Firms that make certain agreements with other companies where their combined turnover is no more than £20m are immune from fines under UK law.

However, the CMA does have the power to withdraw that immunity if it feels that any such agreement is likely to break competition law, which it has done in the case of TGA. It said it was the first time immunity has been withdrawn at this early stage of an investigation.

Following the withdrawal, TGA risks a penalty of up to 10% of its worldwide turnover if it restricts the freedom of retailers to advertise prices online in the future.

TGA made sales of almost £9m in its last financial year, meaning that if it did breach any regulations in future, it could be fined up to £900,000 should the CMA decide to apply the most severe penalty.

The CMA noted that TGA has now taken action to bring to an end the online price advertising restrictions in question.

It stated that the Suffolk-based manufacturer is now in the process of confirming to all its retailers that they are free to advertise prices online and to decide for themselves the level of those prices.

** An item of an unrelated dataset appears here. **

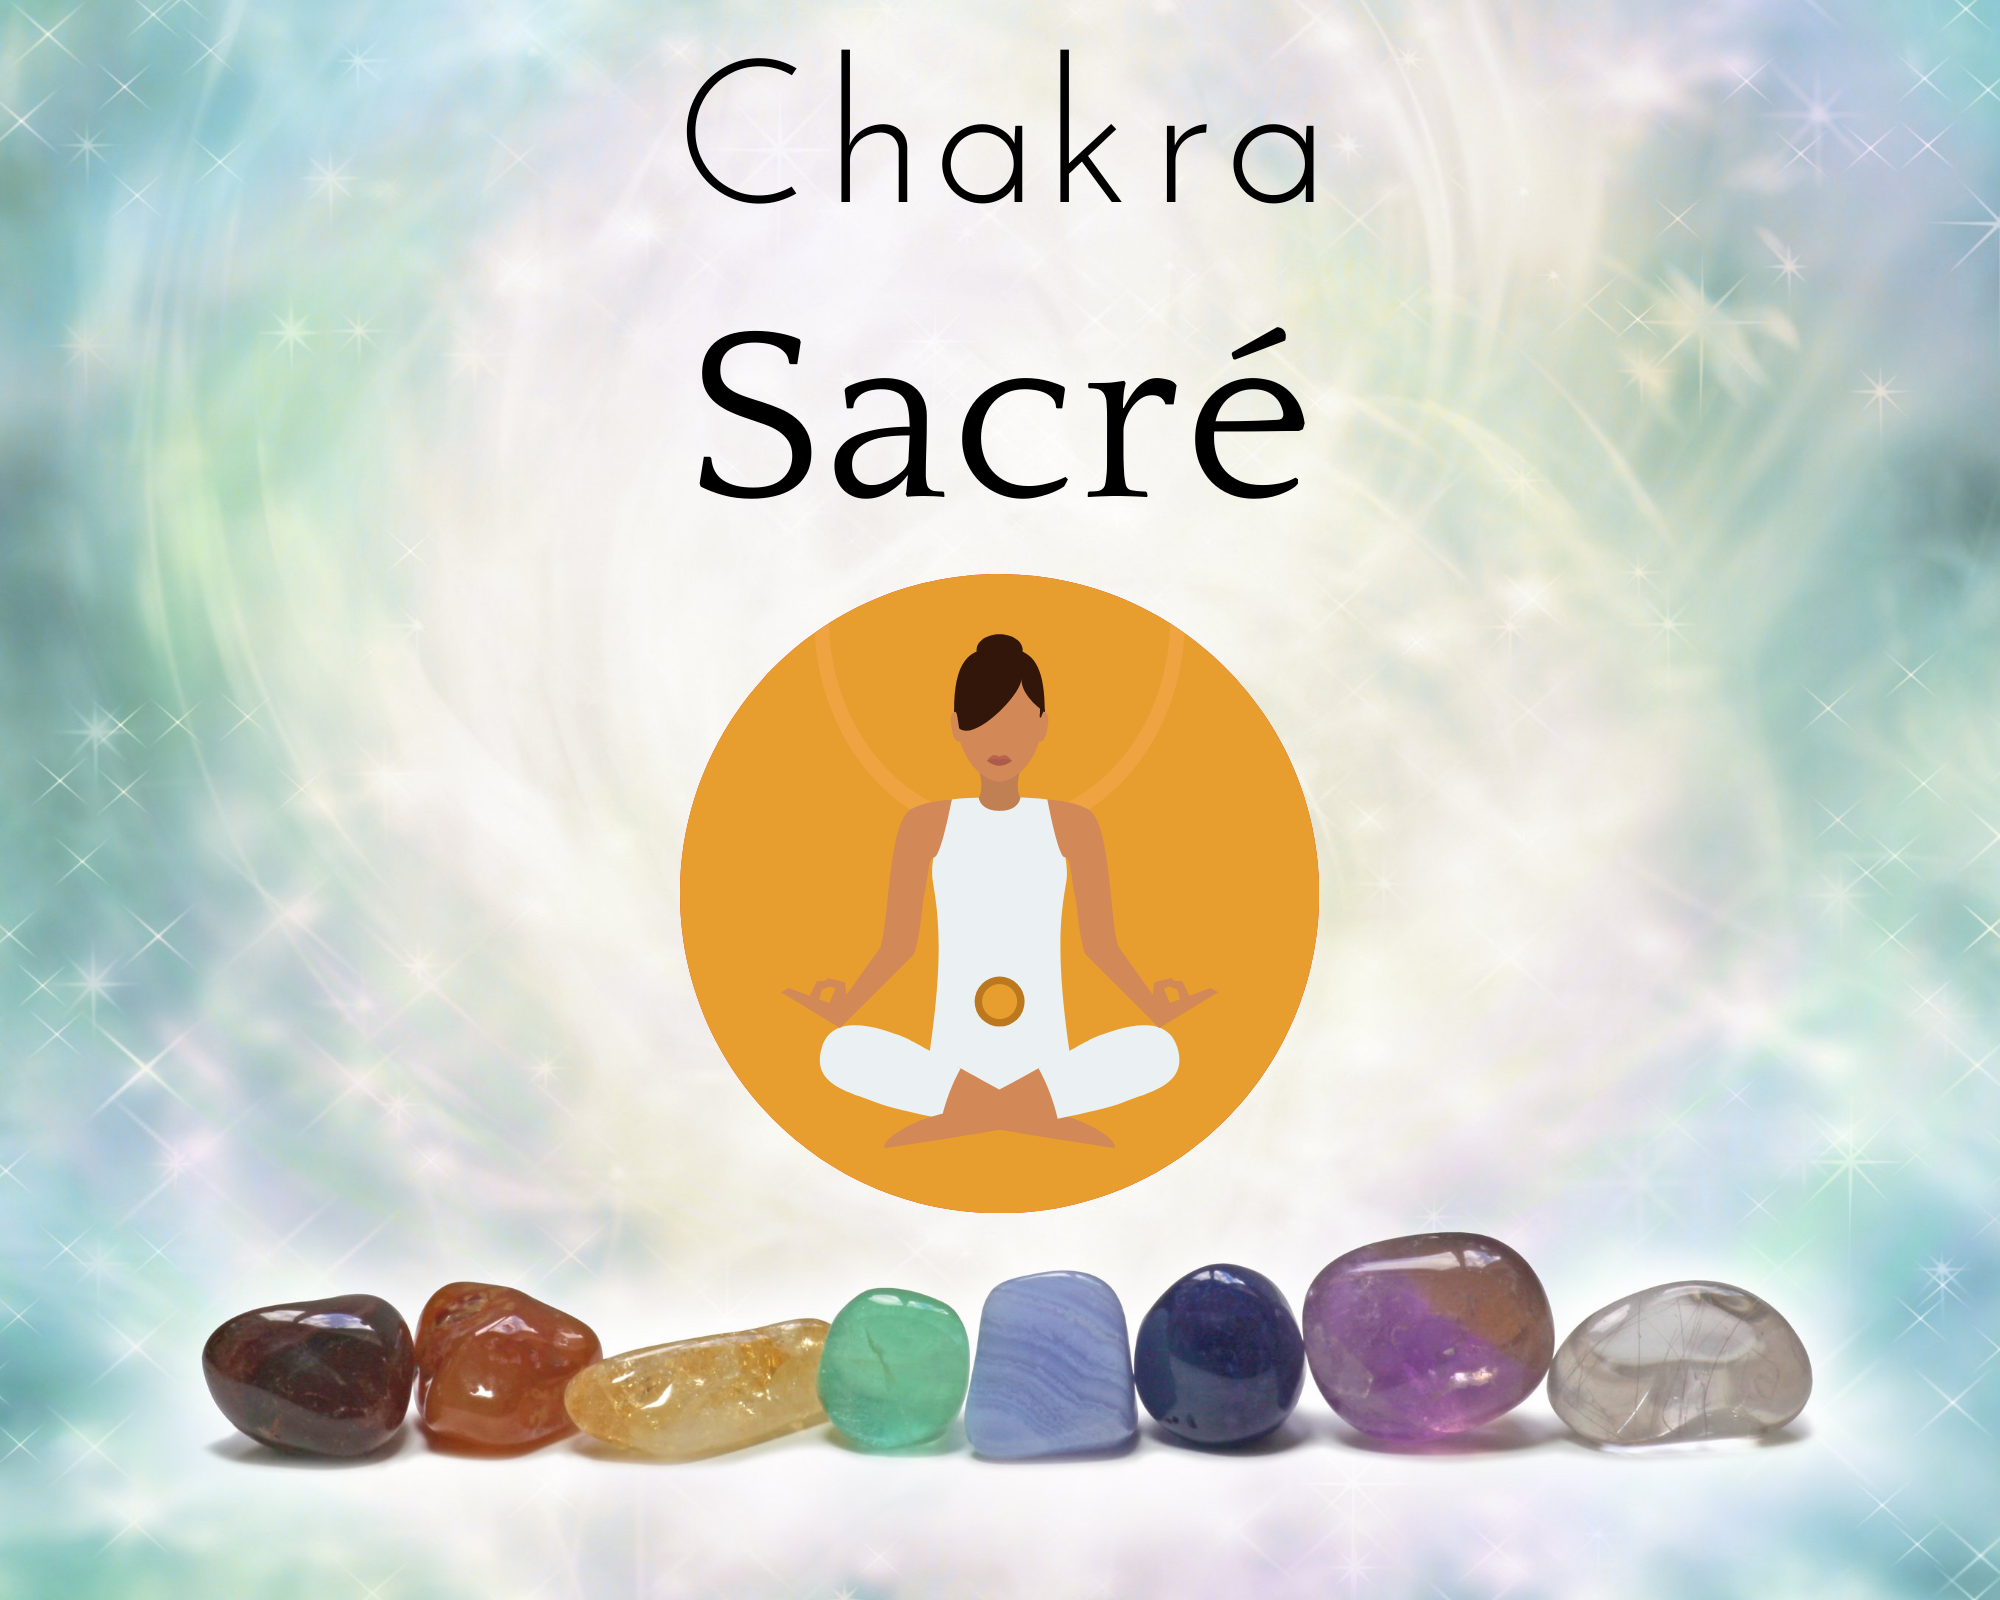 Le chakra sacré ou Svadhisthana : Deuxième des sept chakras

In addition, TGA is instituting a wide-ranging competition compliance and training programme across its business.

Ann Pope, senior director for antitrust enforcement at the CMA, said: “The internet is an increasingly important distribution channel and people are held back from finding the best deal if retailers are prevented from advertising their prices online.

“Businesses of all sizes need to take competition law seriously. We will withdraw immunity from small businesses, exposing them to the risk of fines, if we think it is necessary – particularly where previous warnings have been ignored.”

TGA told AMP that to date no infringement had been found and stressed that it continues to co-operate fully with the CMA’s investigation. TGA’s full statement on the matter can be read HERE.

The CMA said it is considering its “next steps” in the ongoing investigation in light of TGA taking action to bring the restrictions to an end and to comply with competition law going forward.

The CMA has history of investigating the mobility sector for competition concerns, with its predecessor body carrying out a major formal investigation into certain suspected online restrictions back in 2012.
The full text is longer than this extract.